Output guardrails inspect what the agent sends to other systems and users.

Output Guardrails
  • Policy Deploy a content inspection layer on the egress proxy that scans outbound payloads for credentials, PII, and sensitive tokens.
  • Configuration Configure URL allow-listing on browser navigation targets and restrict link rendering in agent responses to counter exfiltration.
  • Engineering Implement content inspection on all agent-generated shared URLs scanning for session tokens, API keys, and PII before distribution.

Monitoring

Monitoring captures what the agent did and surfaces anomalies for review.

Monitoring
  • Policy Forward all agent audit logs to a centralized SIEM with automated alerting rules for anomalous connector access patterns.
  • Configuration Enable continuous session recording for Computer tasks that access sensitive connectors to counter blind spots in consumer-tier history.
  • Engineering Monitor for connector-specific abuse patterns and memory write anomalies to detect agent hijacking during long-running autonomous tasks.

7 References

The evidence base behind every score and finding in the profile, grouped by source type so the reader can verify any claim. Numbers in brackets throughout the report (e.g. [7, 13]) refer to entries below, listed in citation order.

Selected Vulnerabilities

  1. CVE-2025-50708 Token exposure in shared chat URL allows remote attacker to obtain sensitive session information without authentication (CVSS 7.5 HIGH). Published July 2025.
  2. CVE-2025-50709 Sensitive information leak via GET parameter allows authenticated attacker to obtain data through request parameters (CVSS 4.3 MEDIUM). Published September 2025.

Selected Research

  1. PleaseFix vulnerability family disclosure Zenity Labs disclosed three distinct exploit paths against Perplexity Comet including file exfiltration, credential theft via 1Password workflow manipulation, and full account takeover.
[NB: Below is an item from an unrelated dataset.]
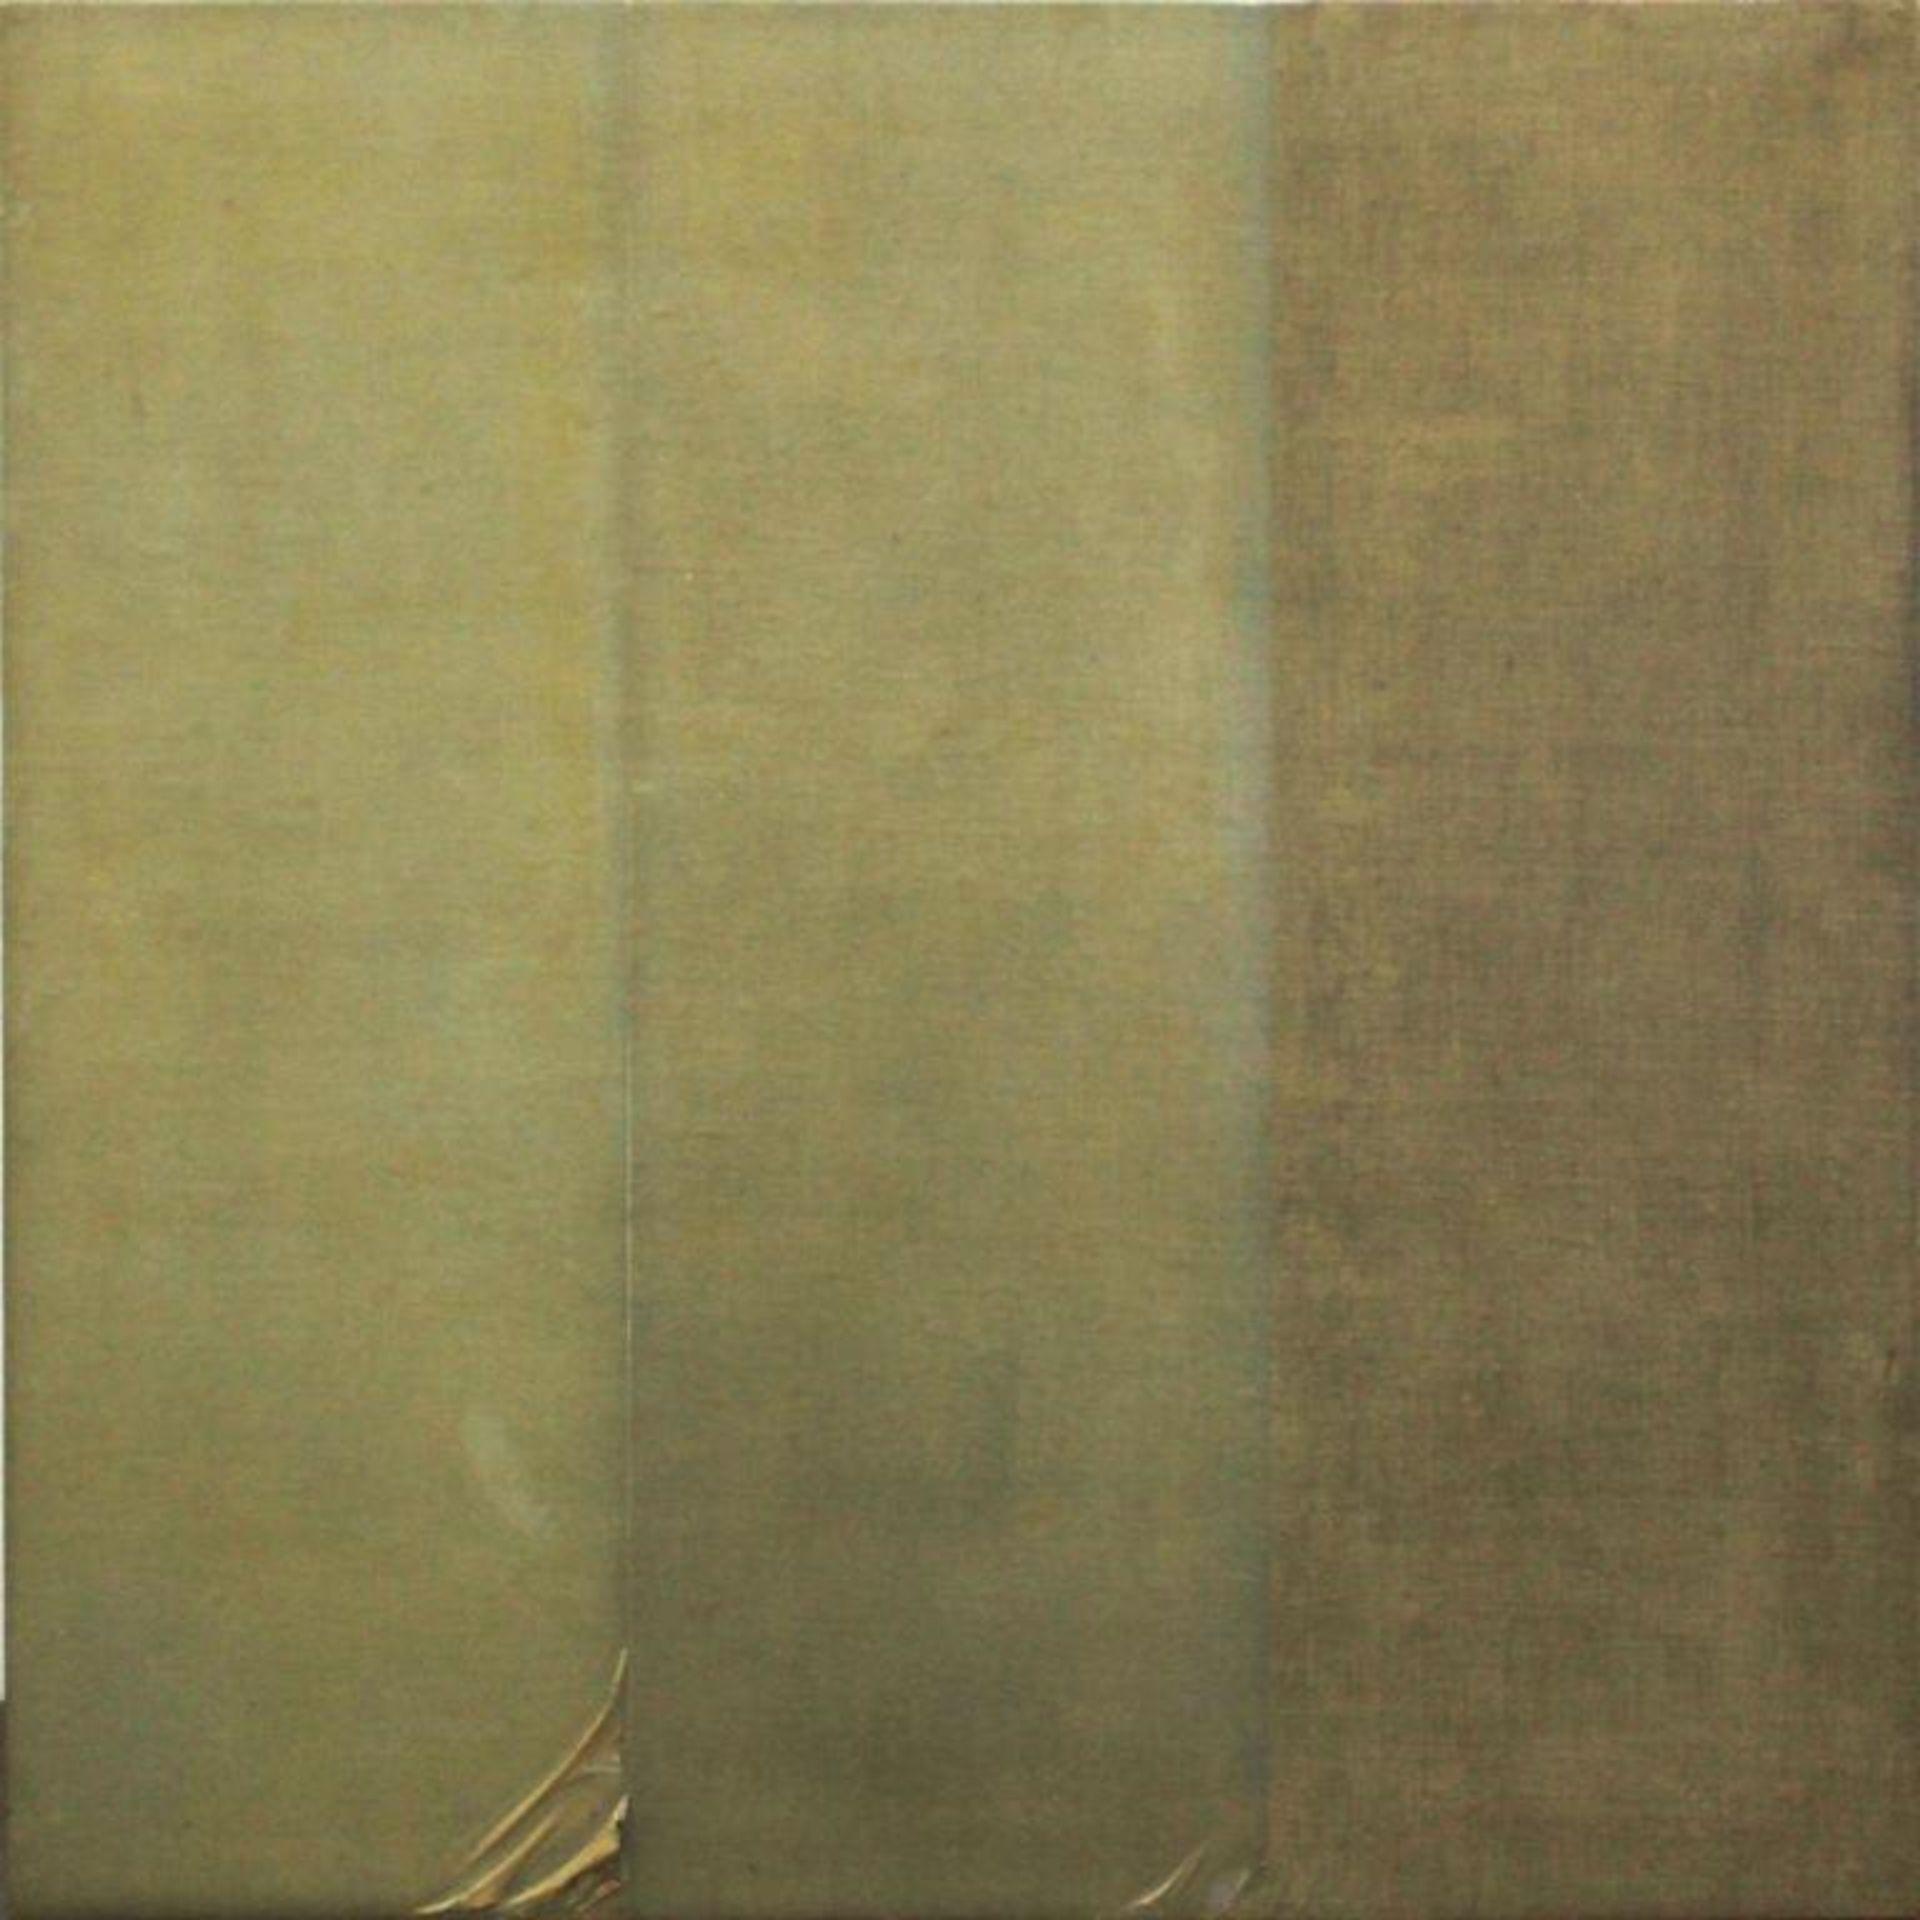 Los 11 - Hilmar Jiri (geb. 1937) Ohne Titel 1976 Transparentpapier auf Leinen auf Holz handsigniert und

Demonstrated March 2026.
  2. PerplexedBrowser zero-click file theft Zenity Labs demonstrated zero-click local file exfiltration via calendar invite indirect prompt injection on Perplexity Comet agentic browser. Rated P1 Critical on Bugcrowd. Patched February 2026.
  3. Perplexity Comet UXSS via extension Hacktron demonstrated one-click universal cross-site scripting via externally_connectable wildcard and DOMSnapshot access to file and cross-origin data. Patched August 2025 within 24 hours. Bounty of six thousand dollars awarded.
  4. BrowseSafe prompt injection detection Perplexity research publication documenting their open-source MoE-based prompt injection detection model for browser agents with defense-in-depth architecture.

Vendor Documentation

  1. How We Built Security Into Computer Vendor security architecture documentation covering Firecracker microVM sandboxing, OAuth connector data handling, BrowseSafe prompt injection defense, and enterprise governance controls. Published May 2026.
  2. Perplexity Trust Center Vendor trust center documenting SOC 2 Type II certification, GDPR compliance, AWS IAM access controls, SSO with MFA, JIT access policies, and Panther SIEM monitoring.
  3. Sandbox API documentation Vendor documentation of isolated code execution service describing Kubernetes pod isolation, FUSE filesystem, egress proxy with credential injection, and resource limits.
  4. Introducing Perplexity Computer Product launch announcement describing multi-model orchestration across nineteen models, sub-agent architecture, persistent memory, and four hundred plus connectors. Published February 2026.

Other Sources

  1. CVE-2025-0599 architectural analysis Deep analysis of CORS misconfiguration in Perplexity macOS Comet feature covering architectural risks of local web server binding and broader desktop AI agent security implications.
  2. Reverse engineering Perplexity Computer sandbox Independent reverse engineering confirming three-layer architecture (cloud backend, E2B Linux sandbox, separate cloud browser), no visible credentials in sandbox, and forty-plus built-in tools.
  3. Hidden MCP API in Comet extensions SquareX research exposed hidden MCP API in undisclosed Comet browser extensions allowing system-level commands without user consent. Perplexity silently patched after publication November 2025.